Welcome to the latest edition of Investigative Roundup, highlighting some of the best investigative reporting on healthcare each week.
COVID-19 vaccination variations among top federal officials
Key federal government officials differ regarding what population should be targeted for the first shipment of COVID-19 vaccines, STAT reports, with the current coronavirus task force favoring older people and a key advisory committee favoring healthcare workers. Other factions also disagree on when the vaccines will be ready to ship.
The CDC’s Advisory Committee on Immunization Practices (ACIP) voted Tuesday to recommend that healthcare personnel and long-term care facility residents to be first in line for vaccination. Leaders of Operation Warp Speed had lobbied for the emergency meeting to help prepare states, which ultimately choose how to distribute the vaccines, and to whom. States have until Friday to develop their plans.
Deborah Birx, MD, White House coronavirus task force coordinator, and Health and Human Services Secretary Alex Azar support sending the first batch of vaccines to older people; long-term care residents have comprised 39% of U.S. COVID-19 deaths.
CDC director Robert Redfield, MD, has suggested vaccinations could begin by the end of next week, if the FDA acts immediately following its own advisory committee meeting on the Pfizer/BioNTech vaccine scheduled for Dec. 10.
But last week, the head of the FDA division in charge of authorizing vaccines said it may take several days or even weeks after the meeting before the vaccine may be authorized.
Moderna’s vaccine is expected to be examined about a week after the Pfizer/BioNTech product. Officials have said they believe 20 million people can receive vaccinations in December and 25 million in January.
Cyberattack derails hospital’s operations
A cyberattack shut down the University of Vermont Medical Center’s electronic medical record system for most of November, forcing healthcare workers to rely on paper notes, faxes, and their memories to treat patients, the New York Times reports. Some patients in the hospital’s cancer clinic have had to postpone treatment and are awaiting key information as a result.
It was just one of a spate of cyberattacks on U.S. hospitals beginning in late October. Security experts blame Russian operatives seeking to disrupt services just before November’s election. The recent surge may also have been retribution for an American operation a few weeks earlier that took down 94% of one Russian hacker network’s servers.
The motive for the Vermont attack remains unclear, with the FBI currently investigating.
Healthcare workers there had to turn away three out of every four chemotherapy patients seeking treatment while their servers were shut down. Other patients are awaiting responses related to earlier treatment, such as one man who has been waiting a few weeks for confirmation on possible bone cancer.
The center’s system was finally restored Nov. 22, nearly a month after the attack.
Some of the hospitals (but not Vermont’s) were clearly victims of so-called ransomware attacks. One security firm executive said many had paid up.
Handling the surge in attacks has been hamstrung by President Trump’s firing of Christopher Krebs, director of the Department of Homeland Security’s cybersecurity division, after Krebs said there was no voter fraud in the Nov. 3 election.
Documents show China’s early bungling on COVID
Leaked documents from China reveal some of that nation’s early struggles with COVID-19 before it became a pandemic. The documents, obtained by CNN, show that it took 23 days for symptomatic patients to be diagnosed and diagnostic tests initially were nearly useless. In addition, a previously unreported large influenza outbreak likely complicated the regional response in Hubei province, where COVID-19 was first detected.
The documents present new clues to public health officials investigating the disease’s origin and early spread, leading some experts to question why the Chinese government kept them under wraps. “They were still hoping it was like 2003, and like severe acute respiratory syndrome (SARS) would be eventually contained, and everything can go back to normal,” Dali Yang, PhD, a political science professor at the University of Chicago, said of the national government’s initial response, which was very cognizant of international perceptions.
The documents “do reveal numerous inconsistencies in what authorities believed to be happening and what was revealed to the public,” according to CNN.

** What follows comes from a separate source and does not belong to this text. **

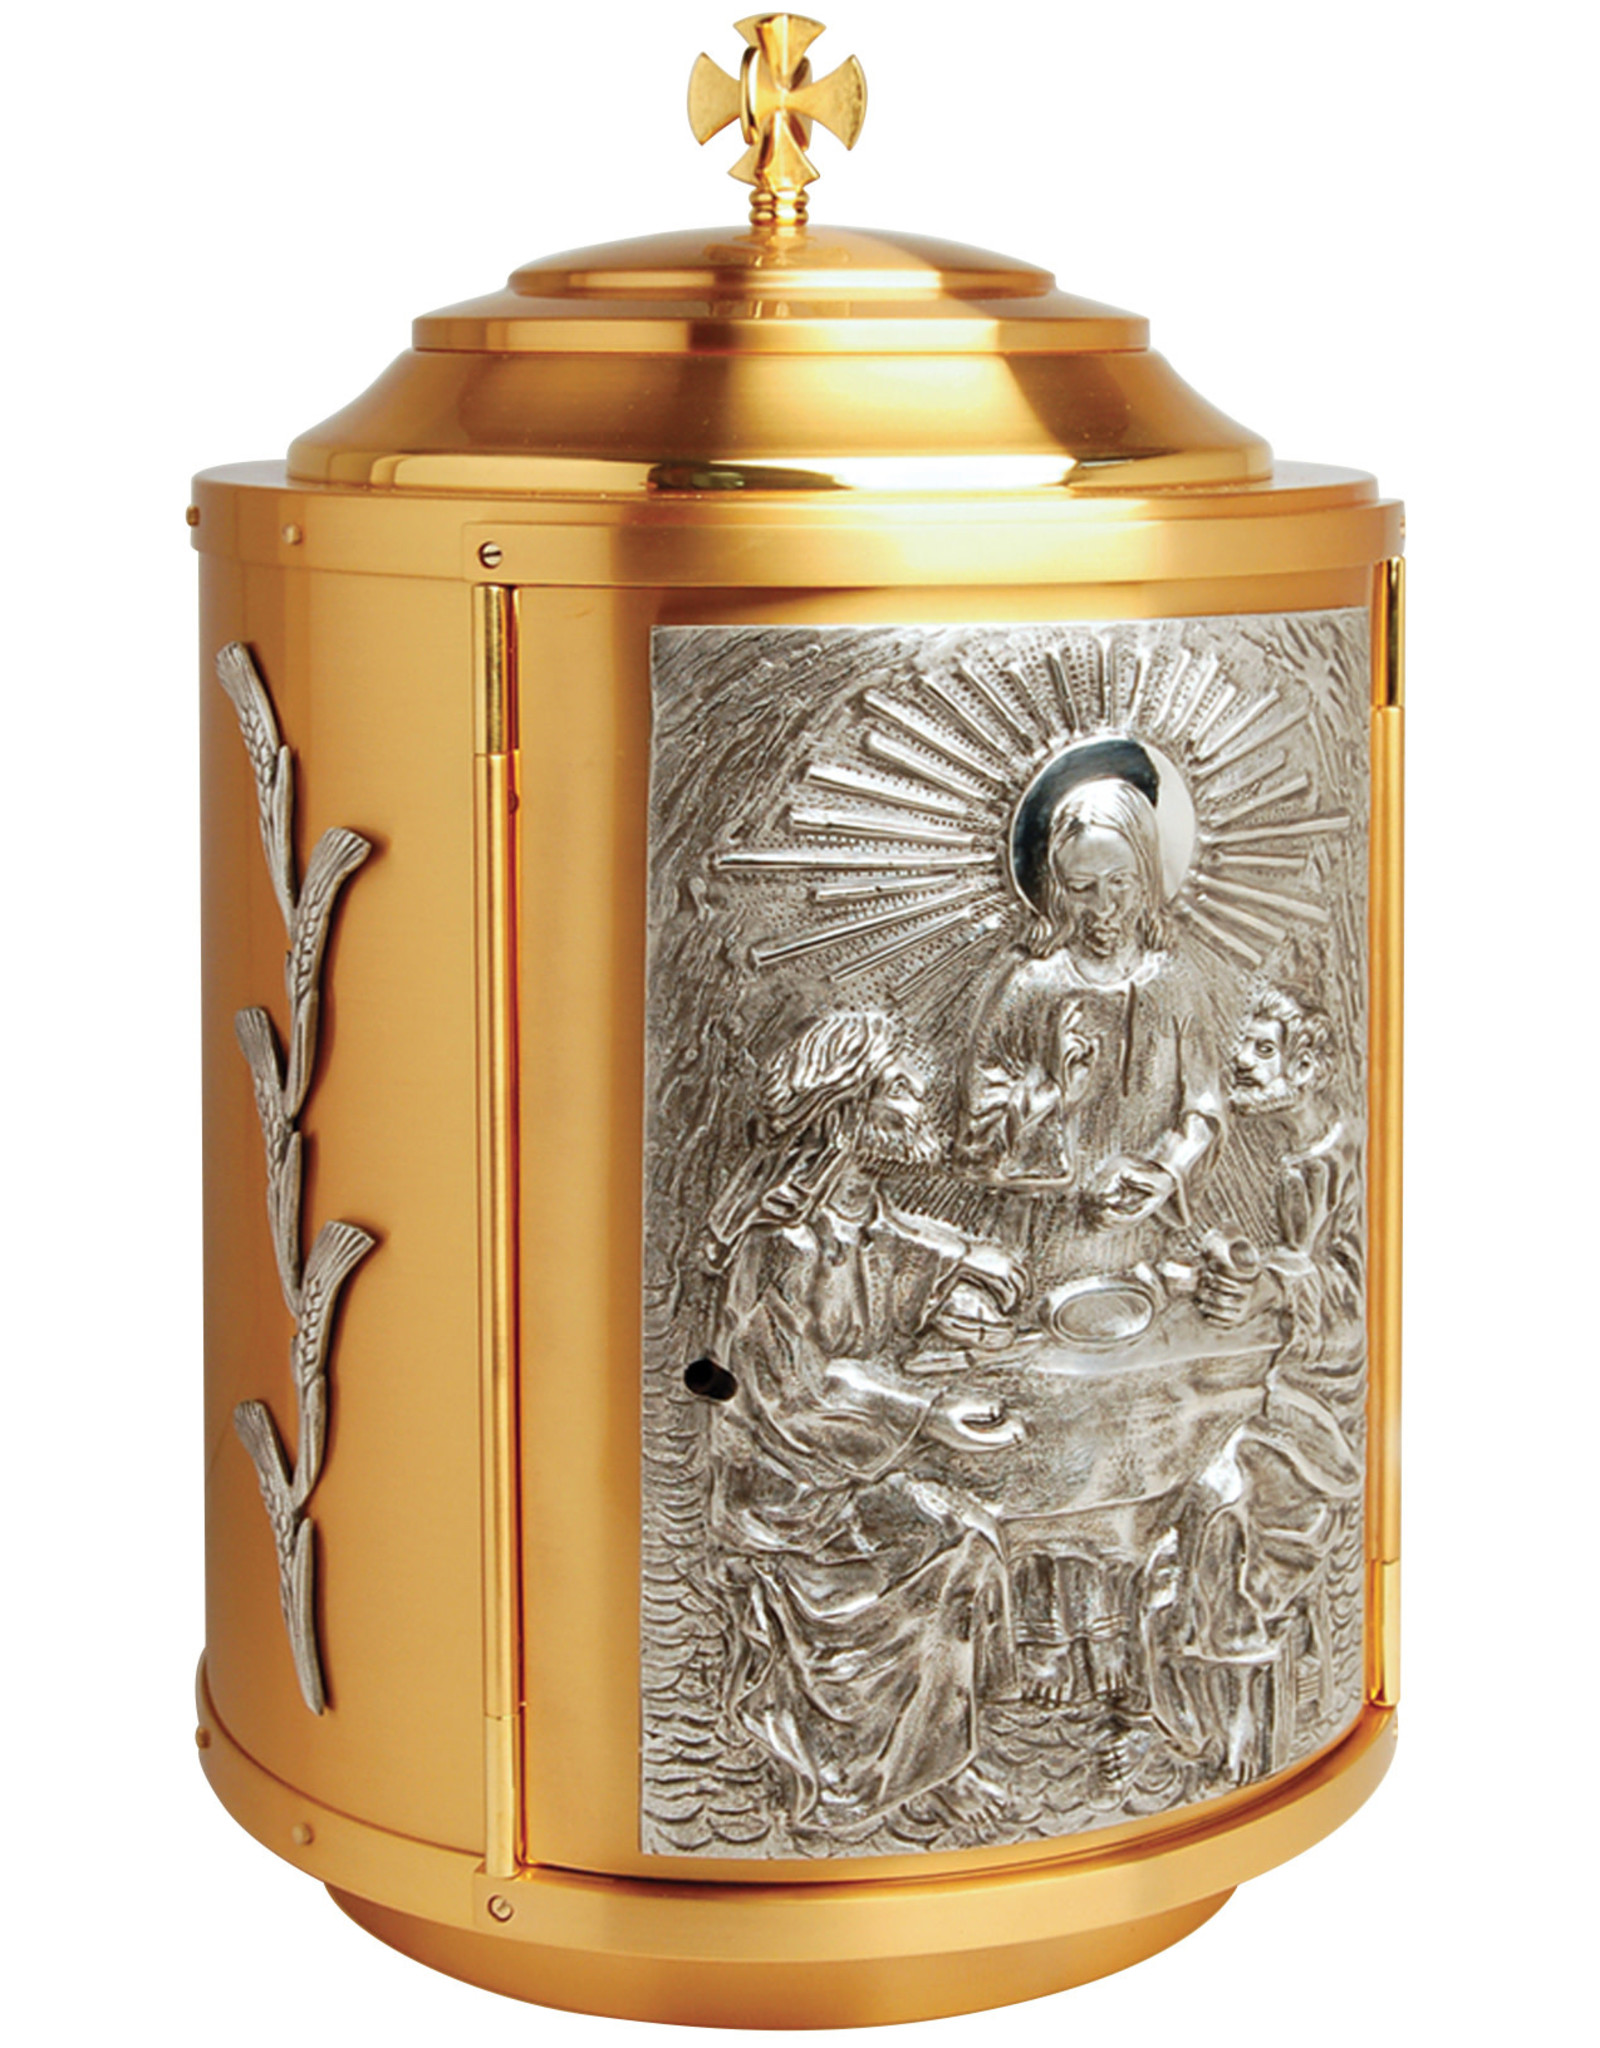 Koleys Tabernacle Gold Plated with Silver Plated Accents

China reported 2,478 new COVID-19 cases nationally on Feb. 10, for example, when the documents show Hubei reporting 5,918 cases. The cumulative death toll in Hubei was publicly stated as 2,986 on March 7, when Hubei internally had reported 3,456 deaths.

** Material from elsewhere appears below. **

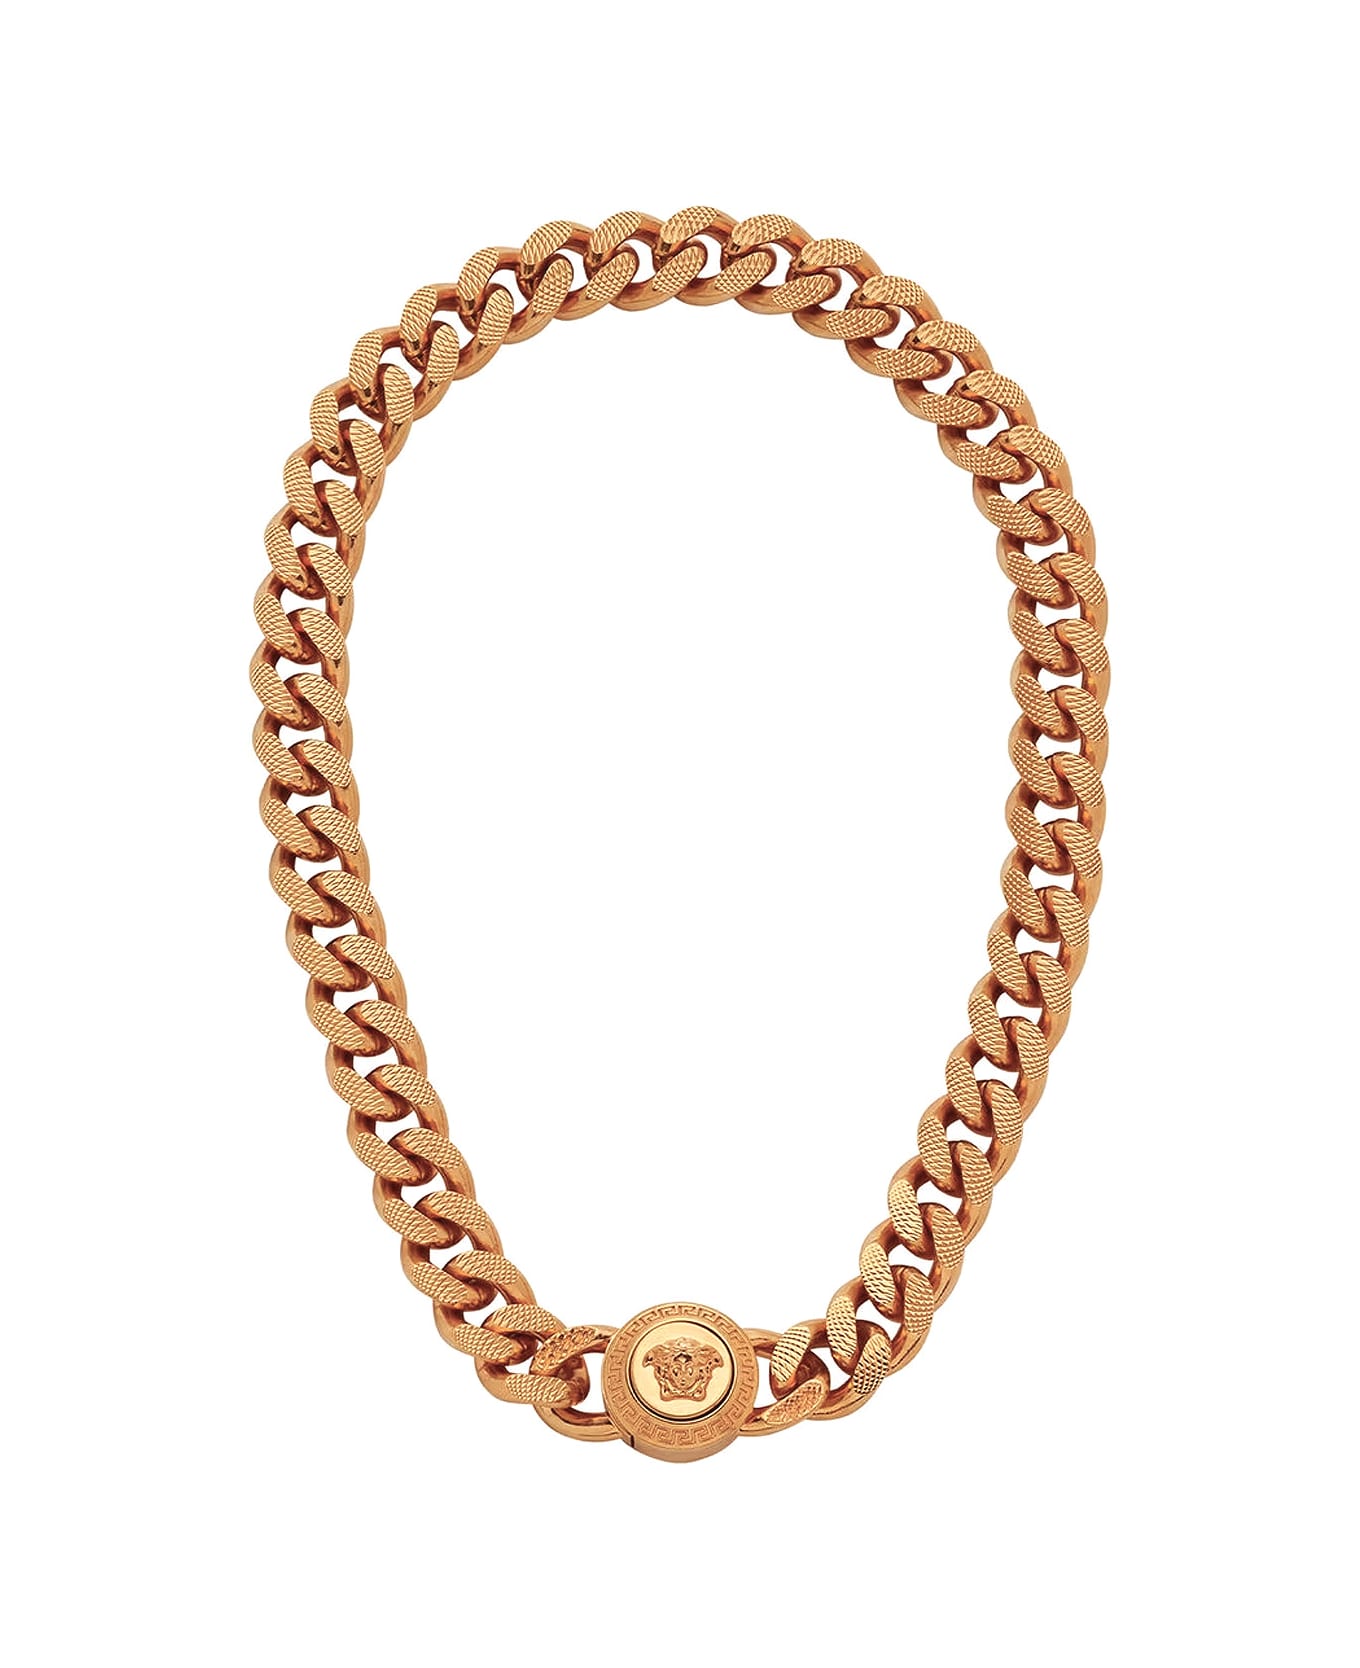 Versace Necklace - Gold

Influenza hit the Hubei province, home to mega-city Wuhan, as case levels surged to 20 times greater than the year before by early December; the “epidemic” (as labeled in the documents) was still present when the first COVID-19 cases were detected. Dealing with the influenza outbreak sapped resources needed to handle COVID-19 and hindered communication with the national government.

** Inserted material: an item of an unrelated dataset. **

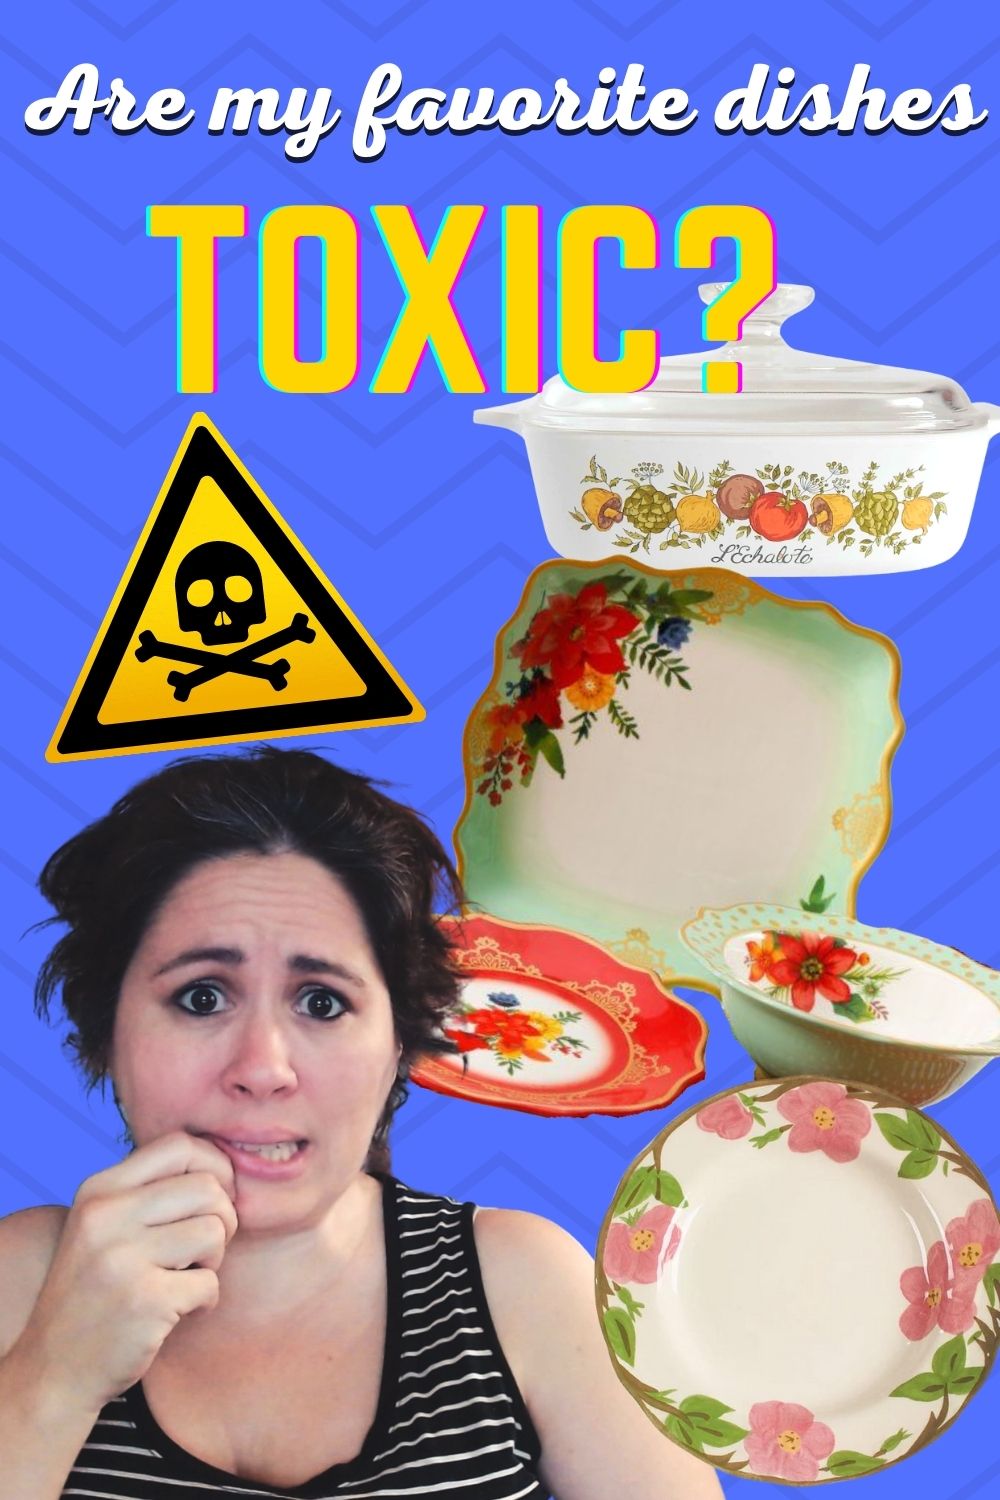 Are my favorite dishes toxic?

Even after the national government recognized COVID-19’s presence, contact tracing and testing was stalled by bureaucracy, poor information sharing, ignorance of the new disease, and a public health system sapped by chronic underfunding.
Further complicating control efforts was a lack of accurate diagnostic tests. In early January, only 30%-50% of people with clinically confirmed COVID were testing positive with the available assays, the documents indicated.